Princeton all-time moment No. 10 – The Comeback

We’re counting down the top 10 moments in each Ivy school’s history as part of our Ivy League at 60 retrospective. We’re starting with Princeton because that’s where Hoagie Haven is.


To most observers, Ivy League basketball in the 20th century was not much more than an annual ritual the purpose of which was to crown either Penn or Princeton as champions. Naturally, the annual home and home series between these two combatants developed into the fiercest rivalry in collegiate basketball. None was more intense … and none was as much fun.

On Feb. 9, 1999, the Tigers arrived at The Palestra for the season’s first meeting. At 6-0 in Ivy competition, the Tigers were riding a 10-game winning streak that was sparked by a Rainbow Classic sweep of Florida State, Charlotte and Texas on successive nights in December. The Tigers looked forward to their annual Palestra visit with a great deal of confidence. But as the pundits like to say, when these two get together, “you can throw the record book away.”

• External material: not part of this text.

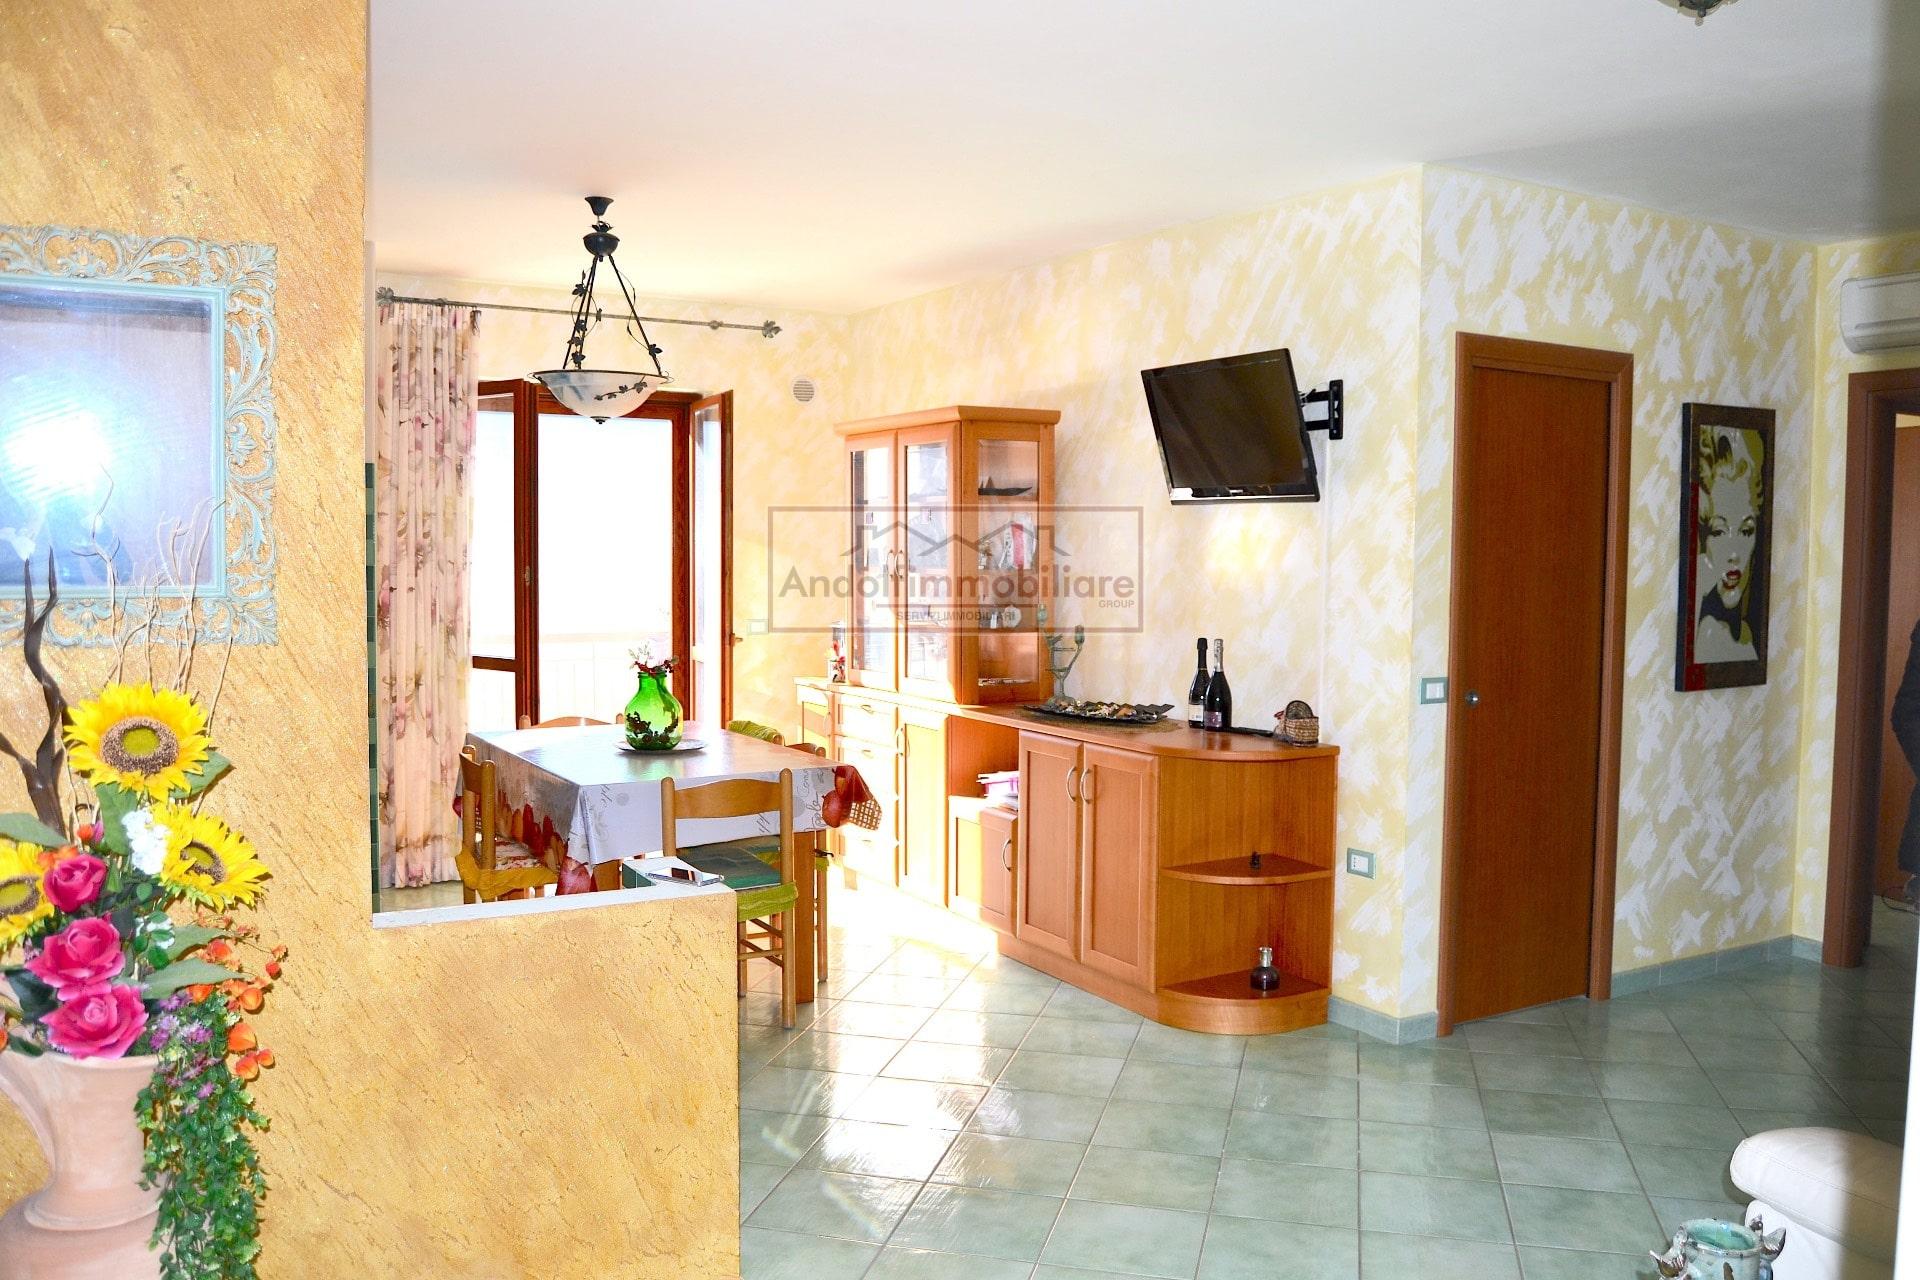 Itri C.da Mustaga. Appartamento di recente costruzione in Vendita a Itri.

Brian Earl got things underway on a positive note, opening the scoring with a long three-pointer. The Quakers answered with a 29-0 run, stunning the Tigers and igniting a frenzy in the packed arena. (The noise generated by a full house in the Palestra is unlike anything this writer has ever experienced.) At the half, the lead was 33-9, achieved in perhaps the best 20 minutes played by any of Fran Dunphy’s teams. Two minutes into the second half, the Quakers extended the lead to 40-13.

A clearly exasperated Bill Carmody called a timeout. He is alleged to have suggested to his befuddled club, “You are smart guys, you figure it out.” The unlikeliest comeback in history followed.

Holding the hot-shooting Quakers to nine more points, the Tigers scored an astonishing 37 of their own behind the heroics of Brian Earl and rookie center Chris Young. Young’s sweeping hook shot gave the Tigers the lead, 50-49, at the 2:14 mark. Neither team scored again and the chapter titled “Black Tuesday” went into Palestra history.

It must be pointed out (before The AQ gets a chance) that Penn rebounded nicely, winning their last seven games, including a Jadwin thrashing of the Tigers, to claim another Ivy title. But “The Comeback” remains an unforgettable moment in the best rivalry of all.